## Your objective
Reproduce every record below word for word and include no pictures.

---------- Input records

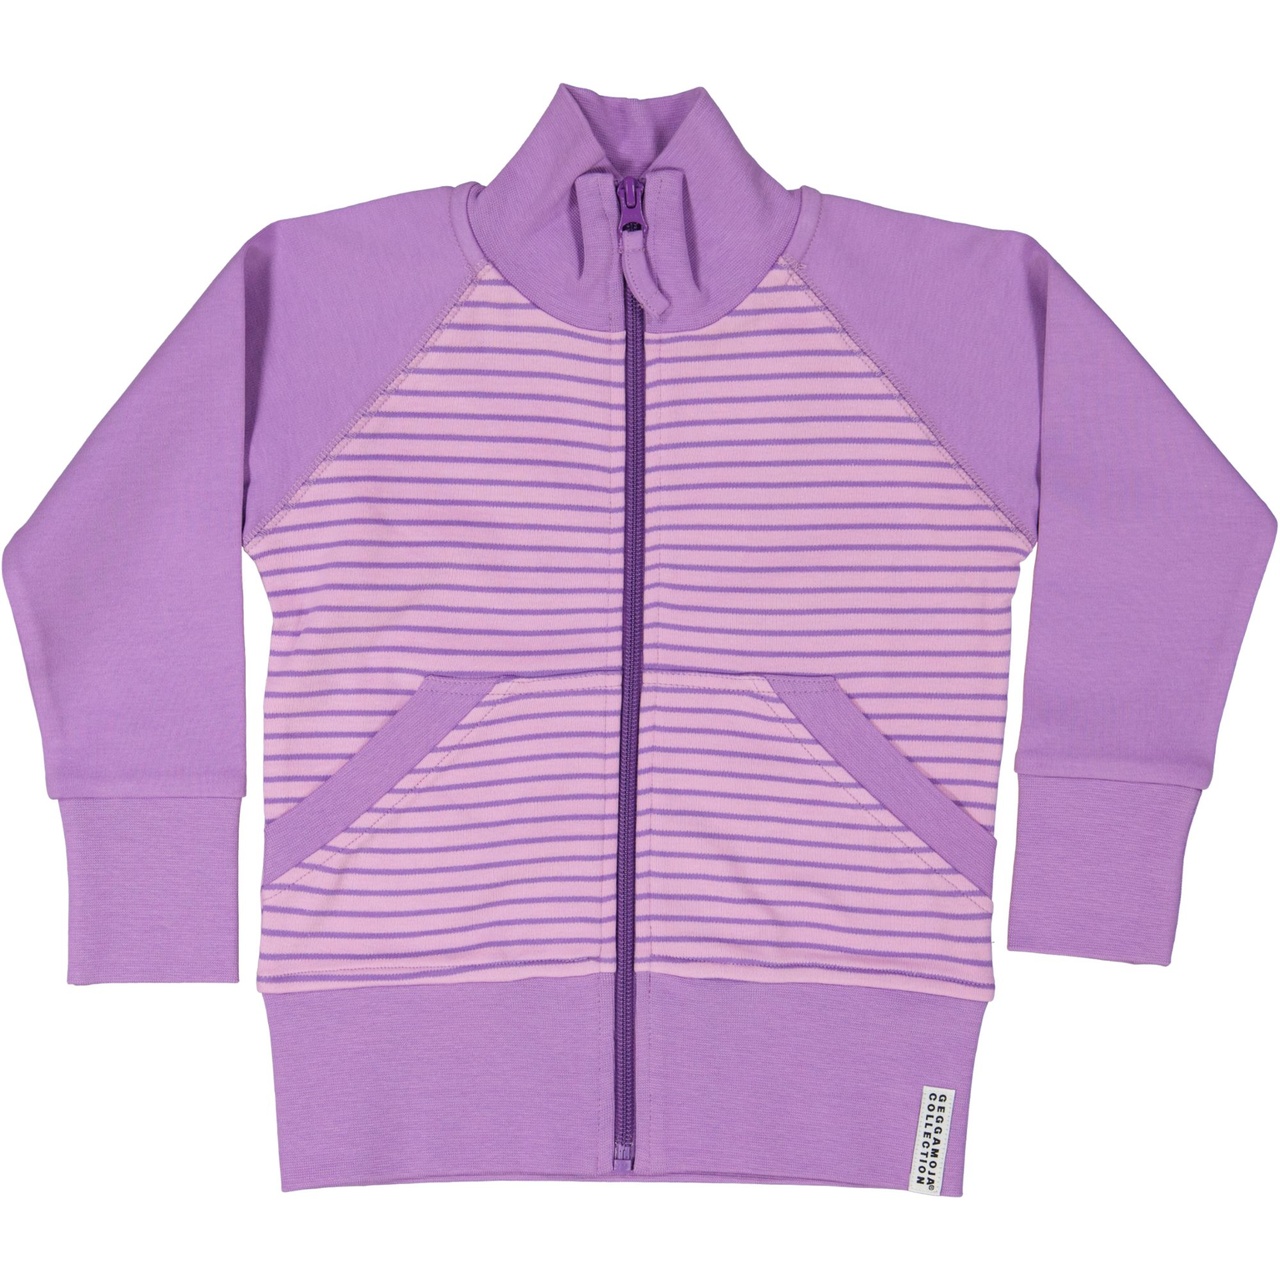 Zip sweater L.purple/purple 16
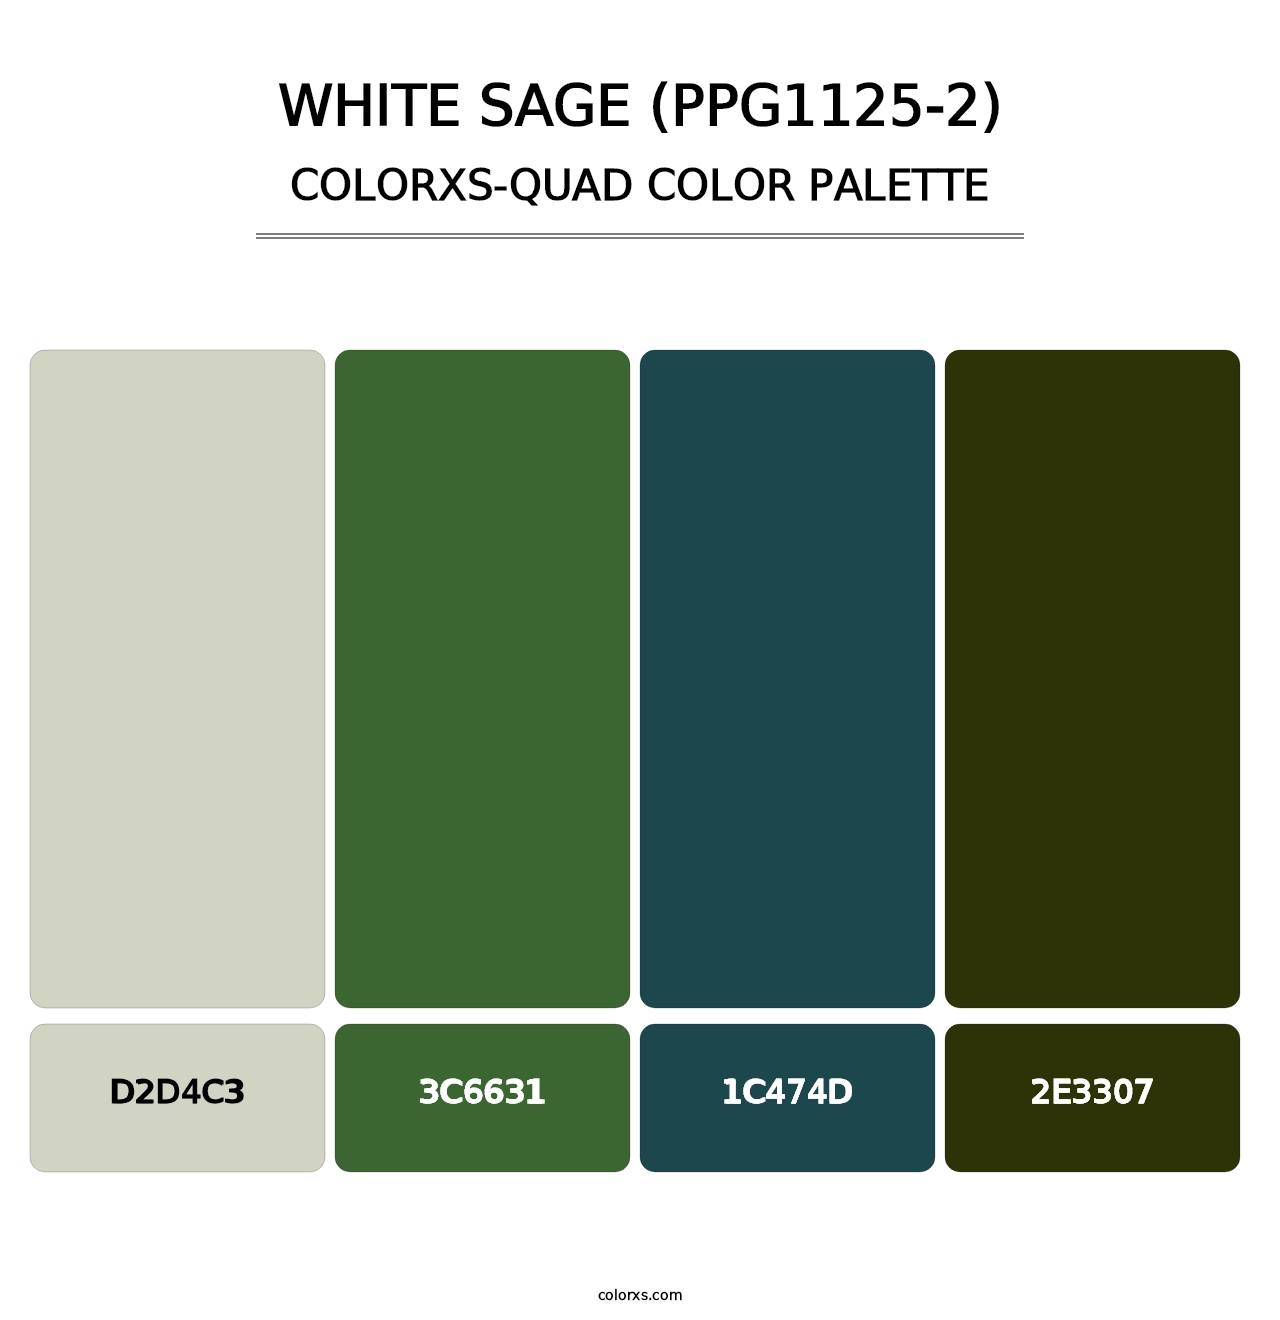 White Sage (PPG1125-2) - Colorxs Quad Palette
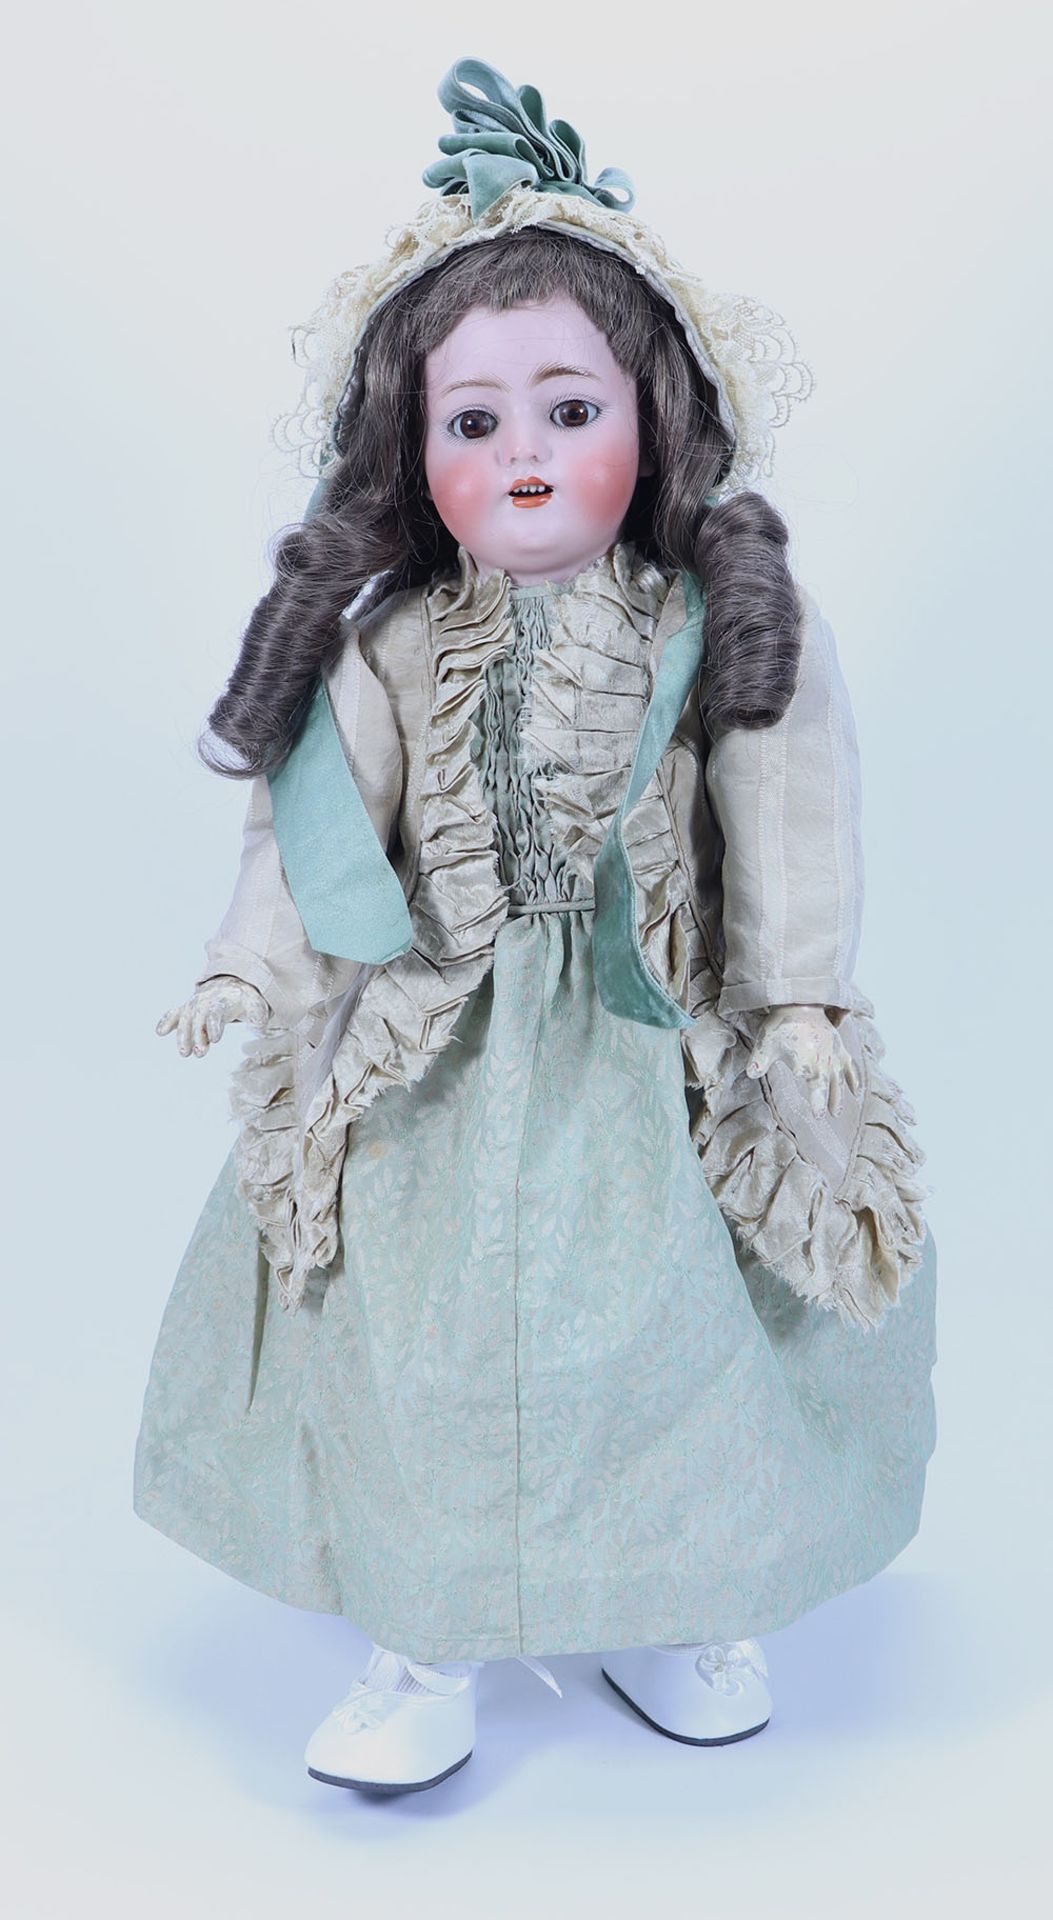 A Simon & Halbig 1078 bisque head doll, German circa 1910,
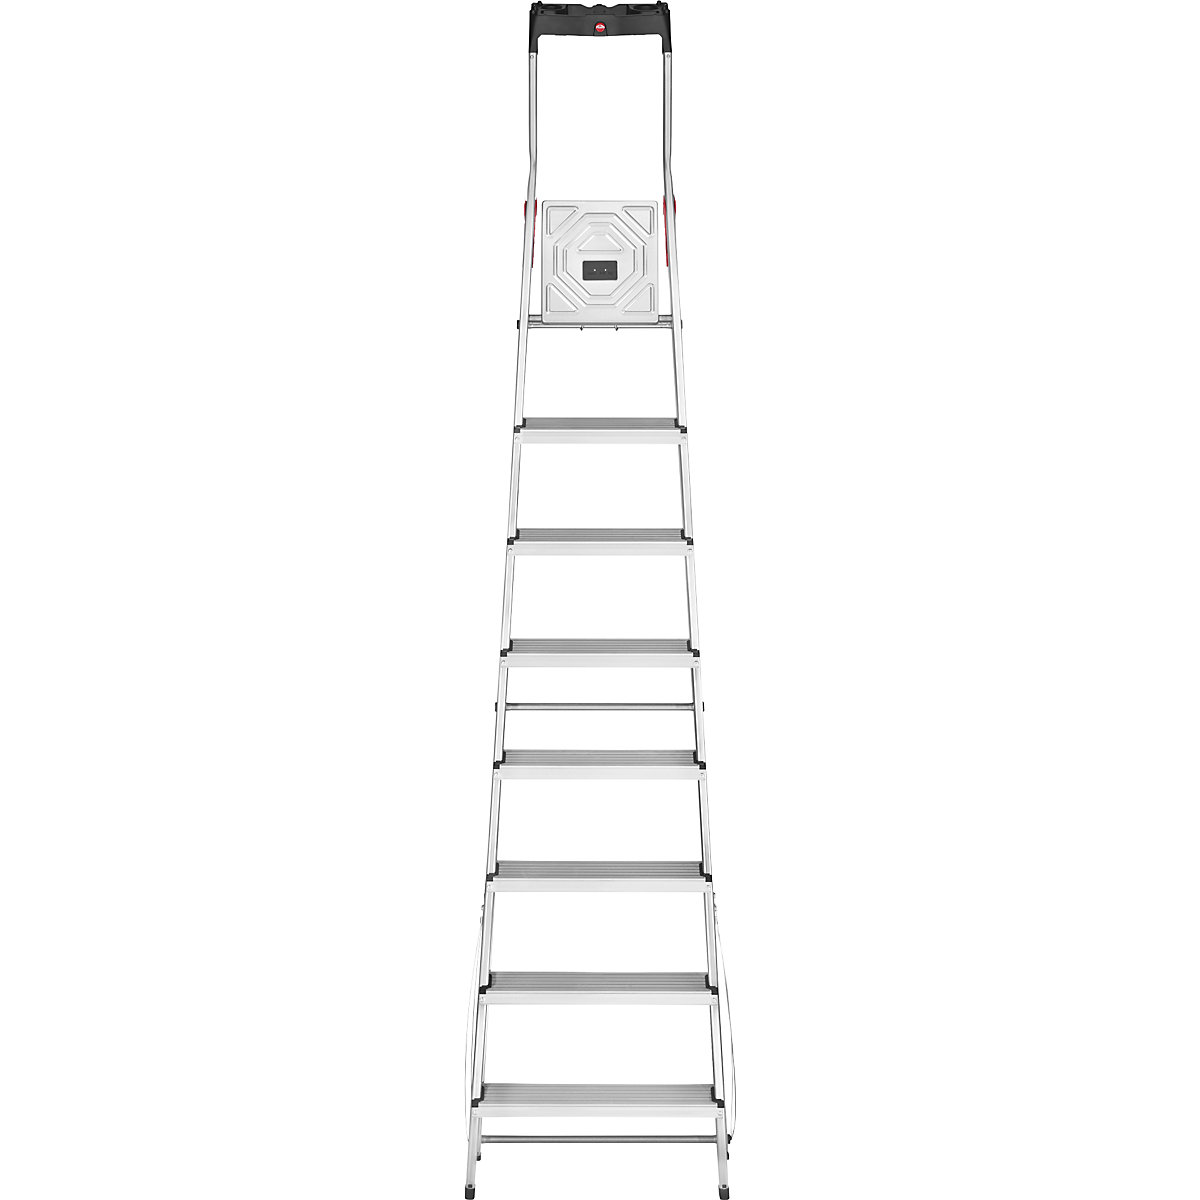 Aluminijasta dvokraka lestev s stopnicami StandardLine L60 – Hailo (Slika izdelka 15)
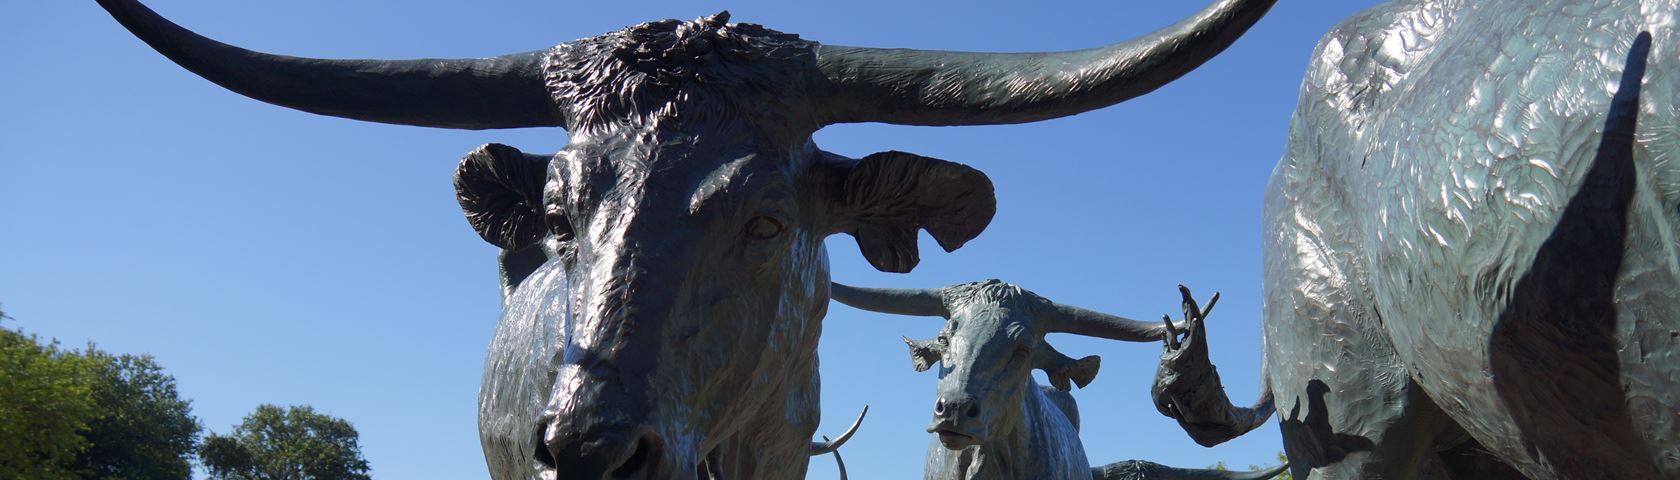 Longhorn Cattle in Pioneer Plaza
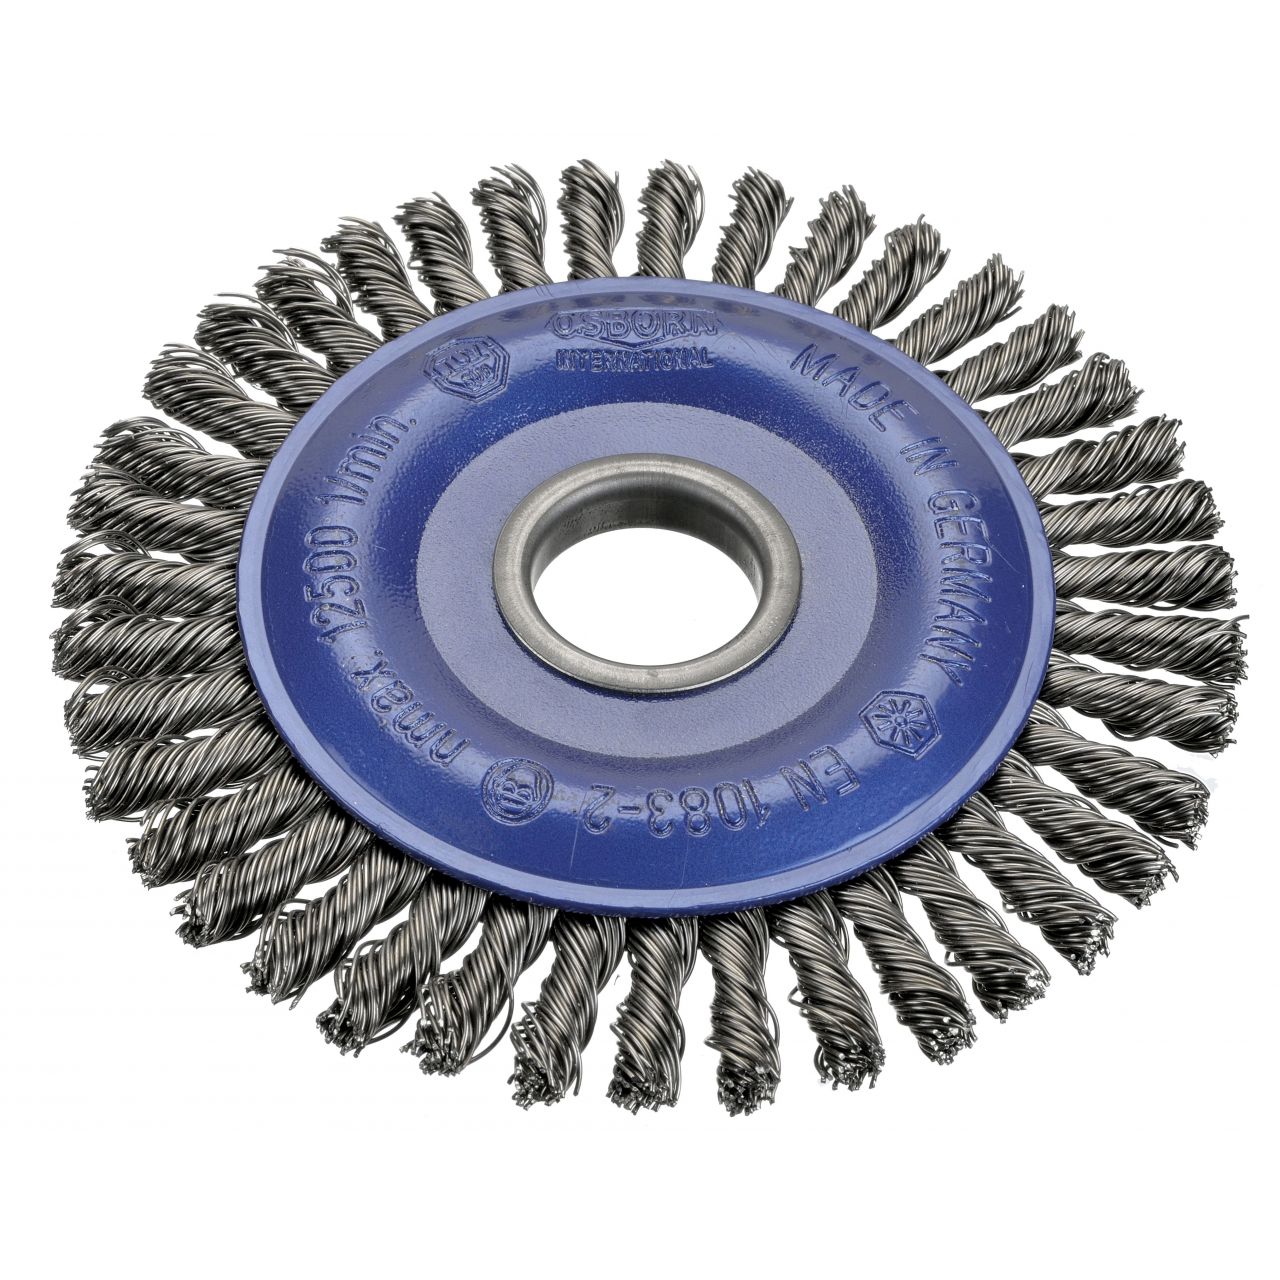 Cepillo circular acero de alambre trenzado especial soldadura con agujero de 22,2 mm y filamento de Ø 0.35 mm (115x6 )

--------------------

## Answer to the exercise
 Zip sweater L.purple/purple 16
 White Sage (PPG1125-2) - Colorxs Quad Palette
 A Simon & Halbig 1078 bisque head doll, German circa 1910,
 Aluminijasta dvokraka lestev s stopnicami StandardLine L60 – Hailo (Slika izdelka 15)
 Longhorn Cattle in Pioneer Plaza
 Cepillo circular acero de alambre trenzado especial soldadura con agujero de 22,2 mm y filamento de Ø 0.35 mm (115x6 )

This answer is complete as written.